Madness. That’s the word. Come to my house when I’m having an attack. Look at me, then look at the faces of my loved ones. Think of the clearest image you can of a man who’s gone insane. Then put yourself in the room with him. And stay there.

This poem, “Night Sweats,” holds, for me, familiar images. I’ve had to make trips to the psyche ward. Also, the love: when the speaker sees his wife come through the door, he lifts, just slightly, from the insanity. He loves her; and he knows the hell he’s putting her through. I love Michelle, my wife, who has been through the same Inferno.

So, I “relate” to the poem. But, that’s not the only reason I like it—I like it because it’s beautiful. Art. Literature. I soak myself in poems and great prose, because art, so many times in my life, has saved me from the madness, even if for only brief moments; moments in which I can build again, to haul myself out of the ocean of shattered glass that is mental illness.

But, those two lines—oh those two lines. Always inside me is the child who died.

I’ve read a couple of bios on Lowell. He started showing signs of the illness early on, in childhood. That’s bad; mine didn’t kick in until seventeen (which is a “traditional” time for it to begin). He had a rough go with his parents, a cold mother, a father who was more of a haze. Lowell didn’t suffer physical or sexual abuse as a child. And yet, he was able to write those two lines.

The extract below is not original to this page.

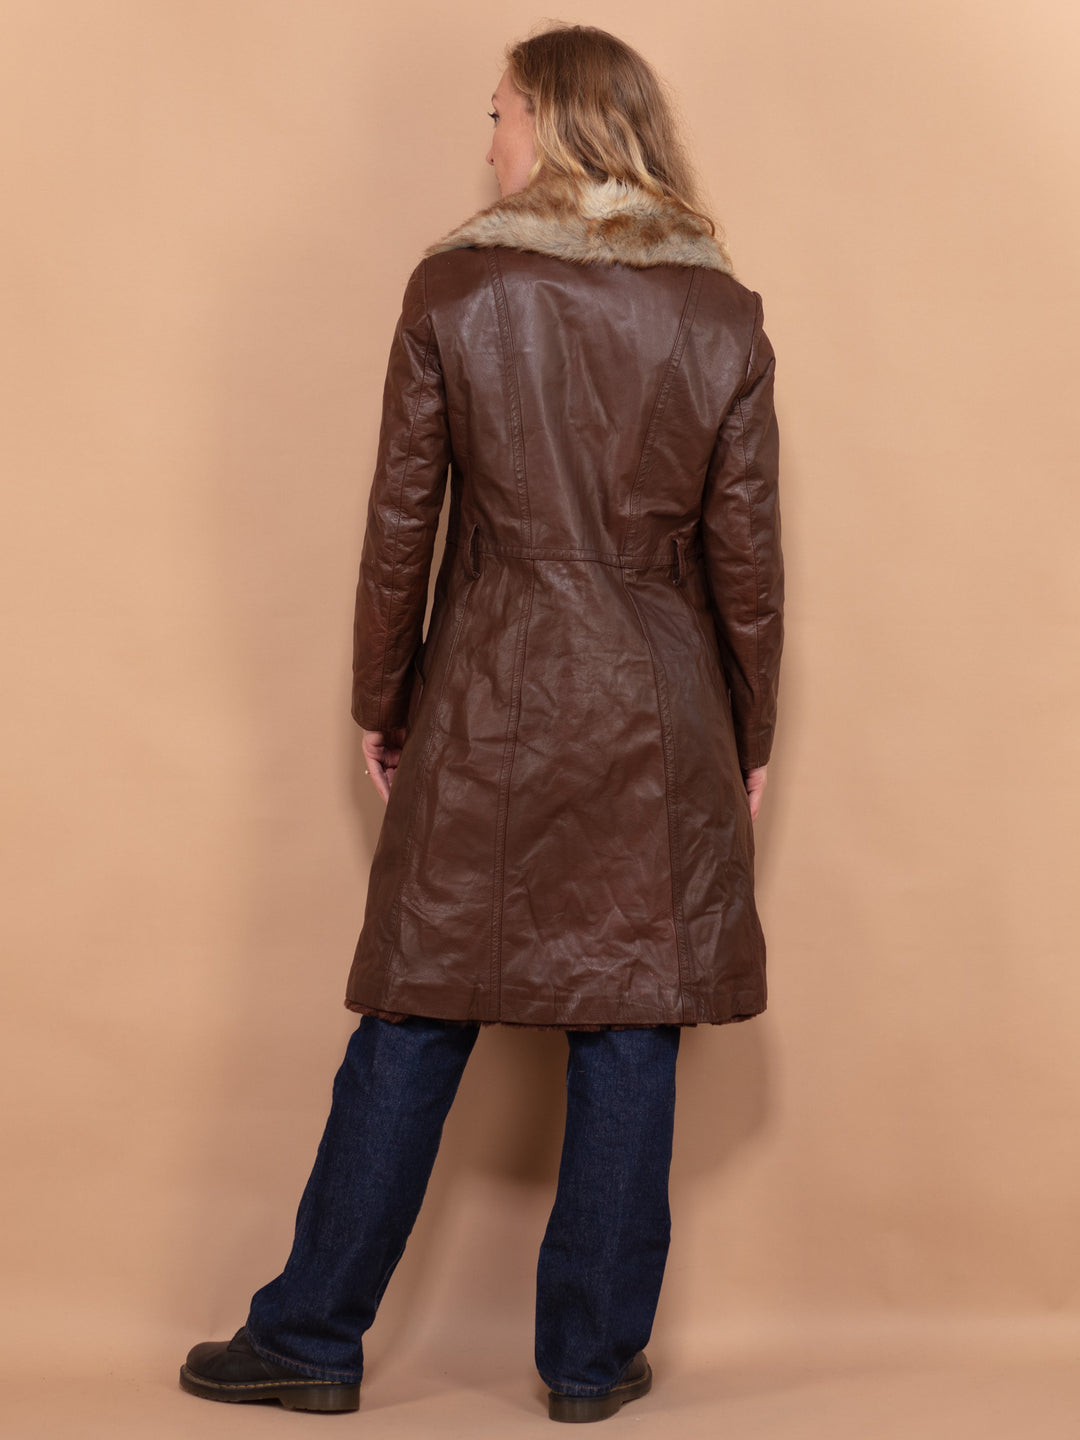 Leather Fur Coat, Size Small S, Made In Paris, Vintage Fur Coat, Brown Fur Coat, Leather Shearl Coat, Penny Lane, Elegant Retro Fur Coat

Now, that’s my interpretation—the lines feel an awful lot like childhood abuse. I bet other survivors of horrible childhoods have seen something similar in those words.

They shook me, to my bones. And yet, I didn’t hurt myself, didn’t start cutting or thinking about taking my Harley over a ravine. I sobbed, for a long time. Not just with the surge of an unearthed emotion, but with the beauty of the lines themselves. Look at them. Read them deeply. If your childhood was cousin to mine, you’ll know it; and if you had a childhood relatively freed up from the violence of others, well, at least you’ve got the opportunity to come to a deeper understanding of someone else’s suffering.

So, what does it mean when a poet writes a poem with those two lines in it, yet did not suffer what I find in his lines? It means he was brilliant. Fucking brilliant.

 

“Night Sweat” by Robert Lowell

Work table, litter, books and standing lamp,

Plain things, my stalled equipment, the old broom–

But I am living in a tidied room,

for ten nights now I’ve felt the creeping damp

float over my pajamas’ wilted white. . .

Sweet salt embalms me and my head is wet,

everything streams and tells me this is right;

my life’s fever is soaking in night sweat–

one life, one writing! But the downward glide

and bias of existing wrings us dry–

always inside me is the child who died,

always inside me is his will to die–

one universe, one body. . .in this urn

the animal night sweats of the spirit burn

 

Behind me! You! Again I feel the light

lighten my leaded eyelids, while the gray

skulled horses whinny for the soot of night.

I dabble in the dapple of the day,

a heap of wet clothes, seamy, shivering,

I see my flesh and bedding washed with light,

my child exploding into dynamite,

my wife. . .your lightness alters everything,

and tears the black web from the spider’s sack,

as your heart hops and flutters like a hare.

Poor turtle, tortoise, if I cannot clear

the surface of these troubled waters here,

absolve me, help me, Dear Heart, as you bear

this world’s dead weight and cycle on your back.